--- Task instructions ---
Retype the lines below exactly, from the one that contains "Young fitness man" through the last, and leave every picture out.

--- Information provided ---
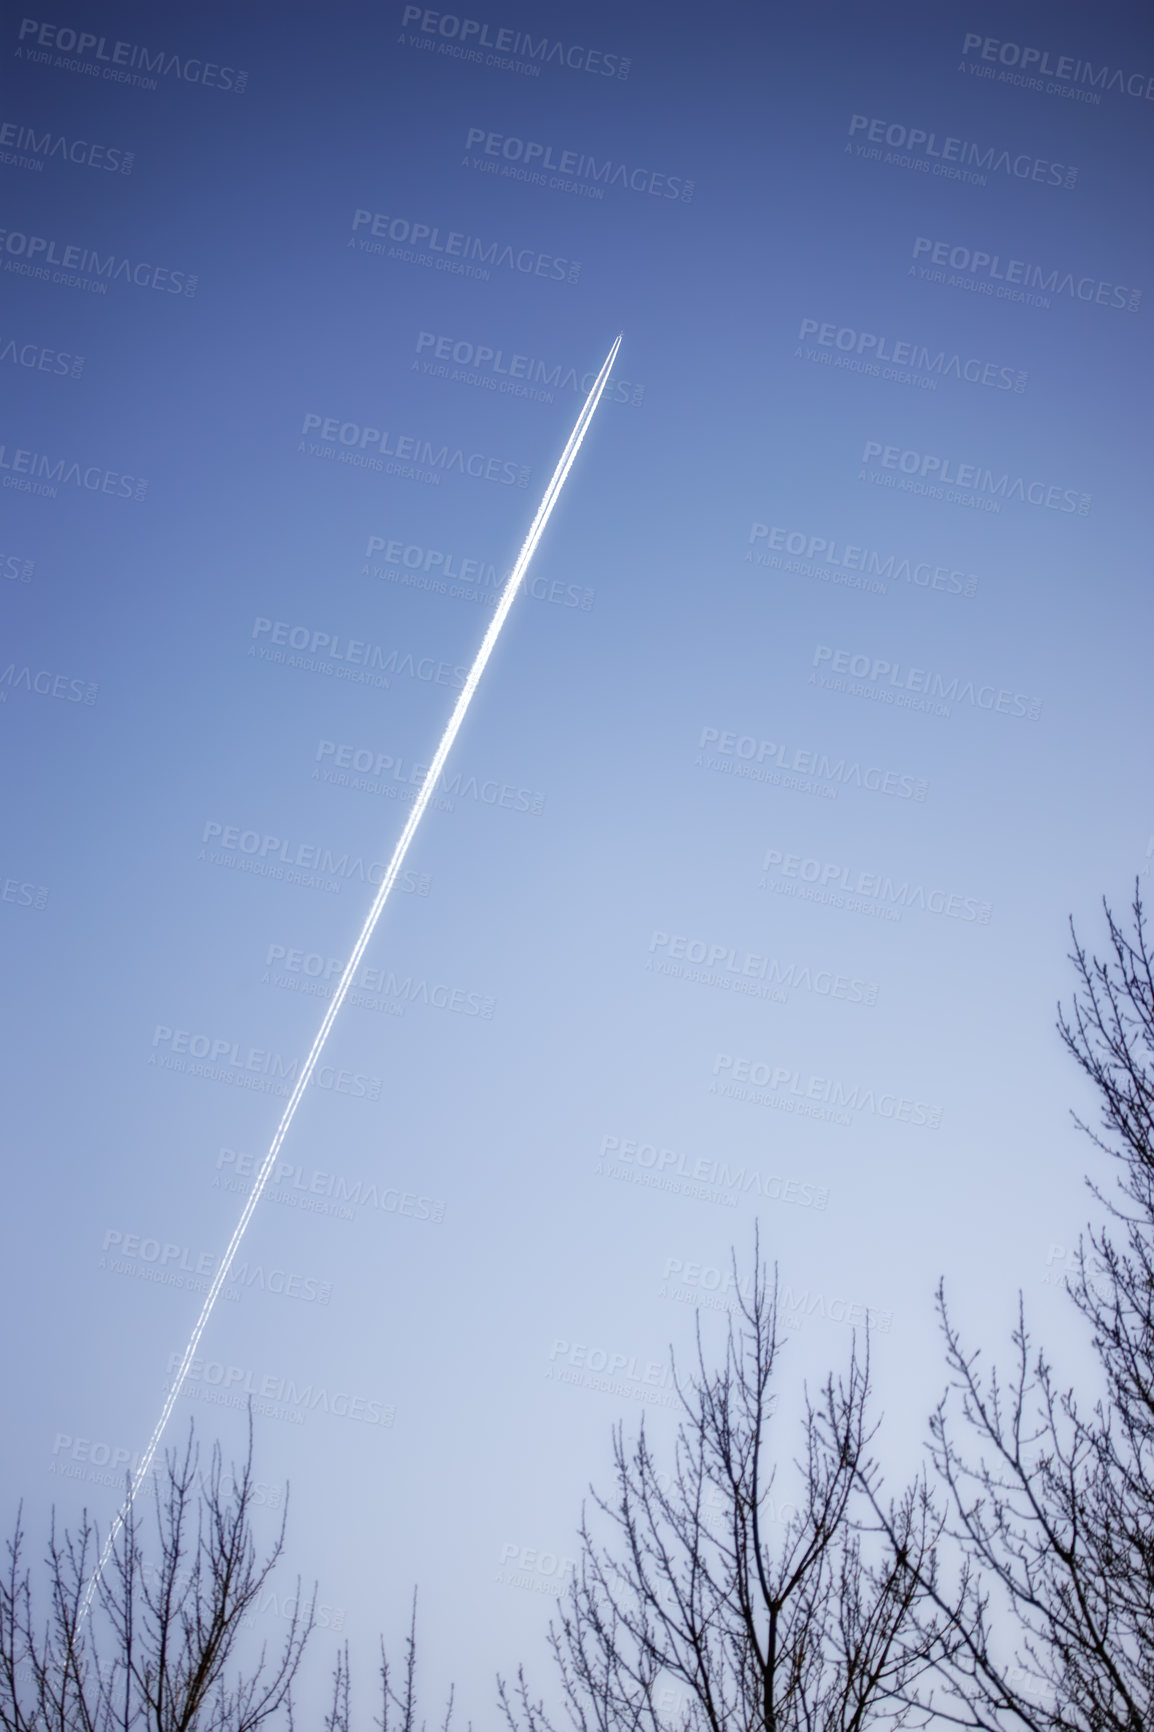 Buy stock photo Jet airplane contrail above leafless trees against a clear blue sky background with copyspace. View of a distant passenger plane flying at high altitude leaving a long white smoke trail behind
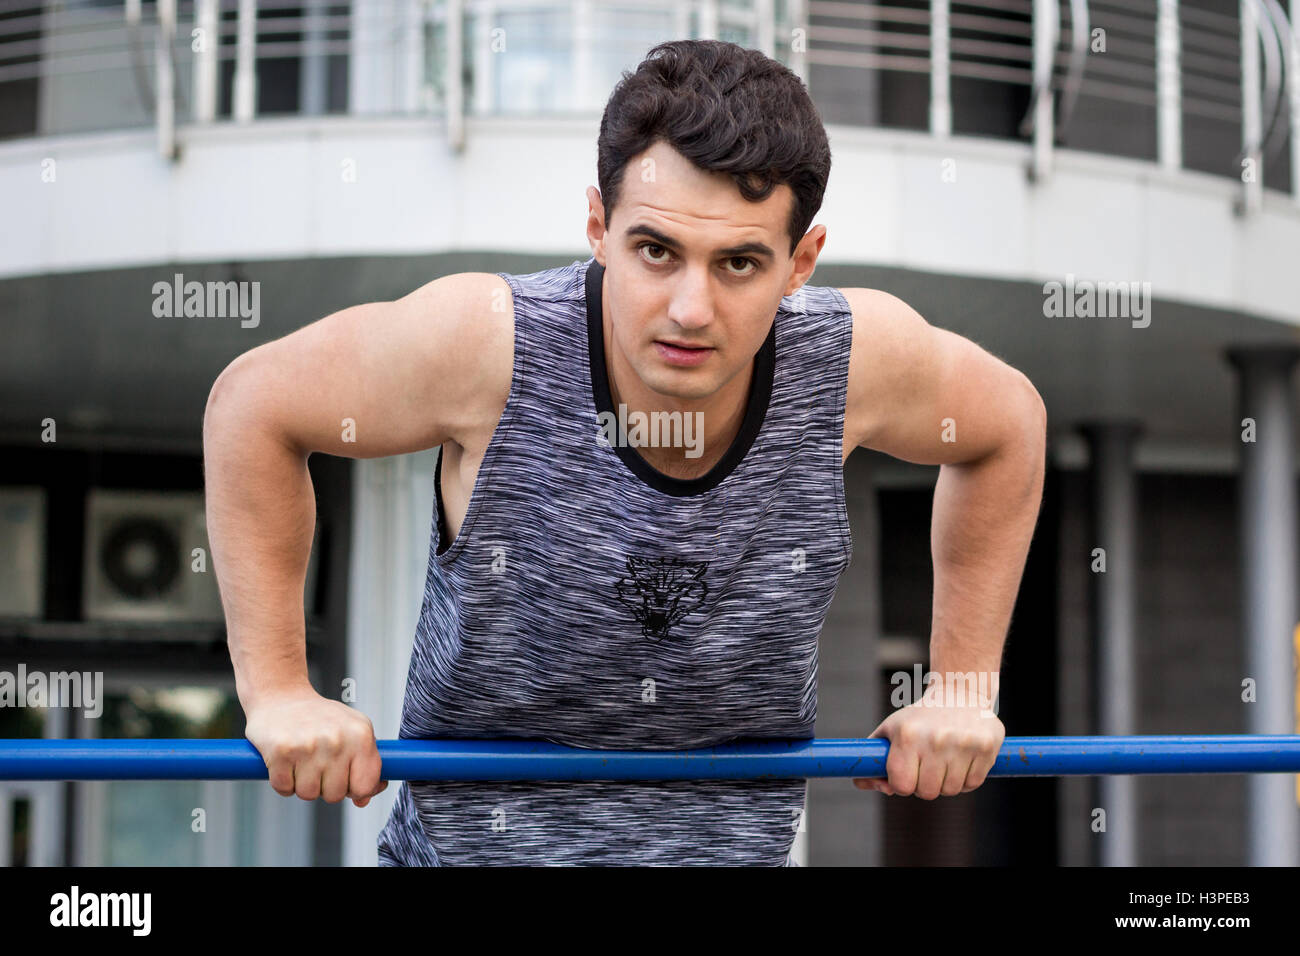 Young fitness man lifts up on horizontal bar during training workout outdoor Stock Photo
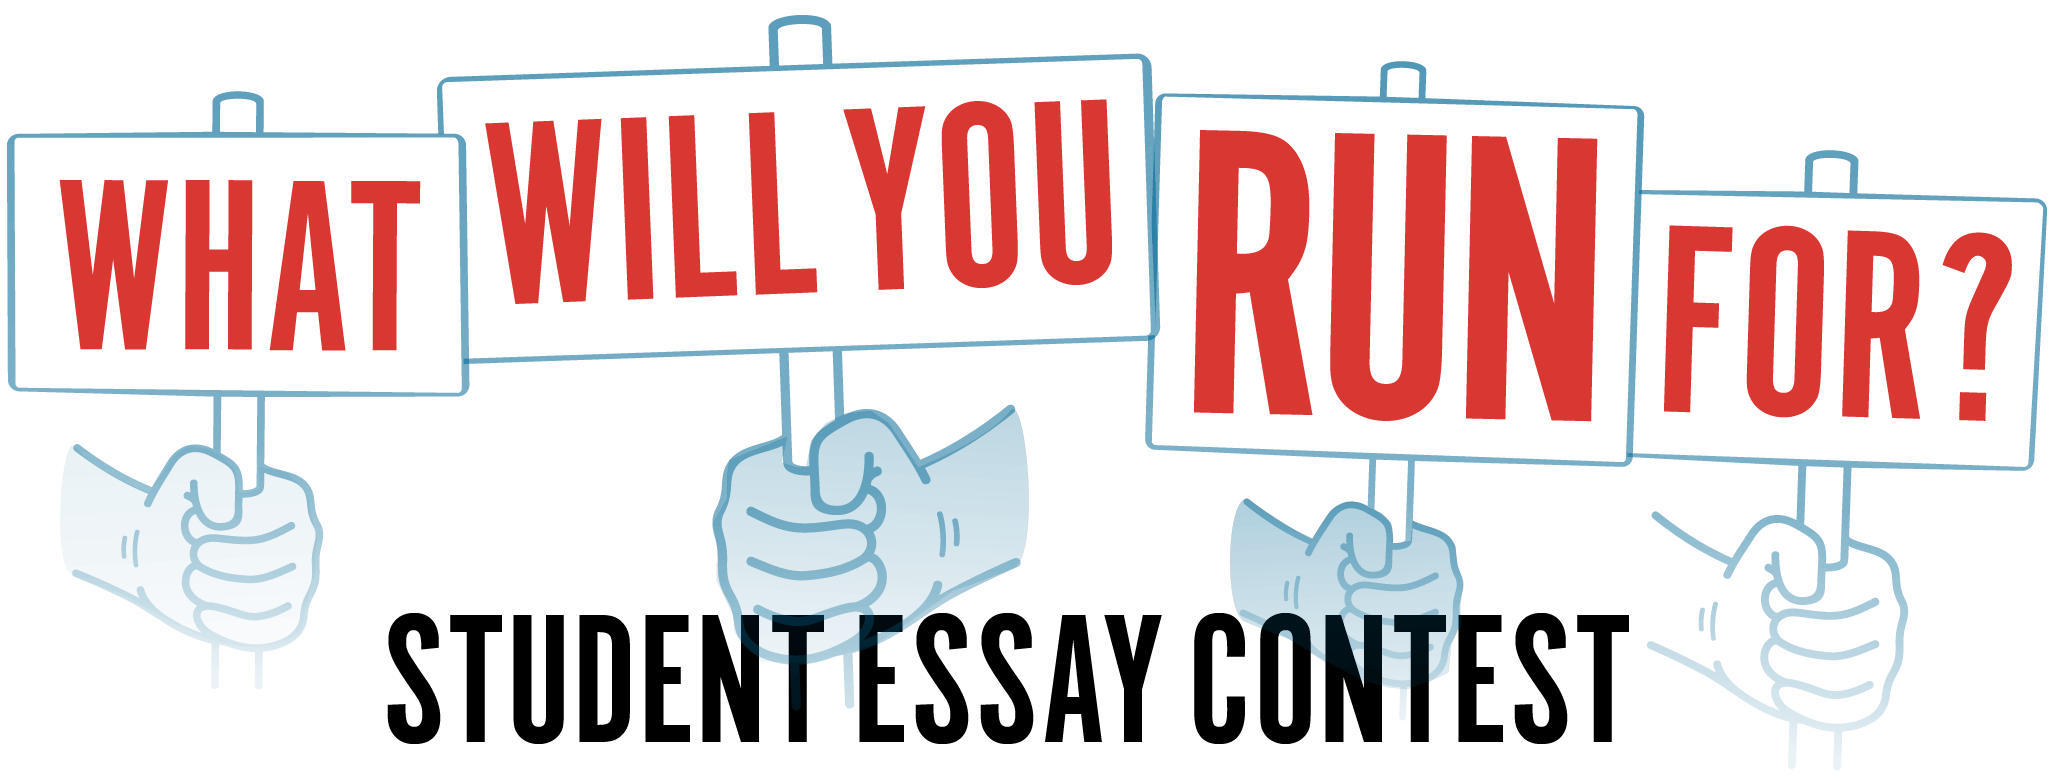 WHAT WILL YOU RUN FOR? STUDENT ESSAY CONTEST

--- Result below ---
 Young fitness man lifts up on horizontal bar during training workout outdoor Stock Photo
 WHAT WILL YOU RUN FOR? STUDENT ESSAY CONTEST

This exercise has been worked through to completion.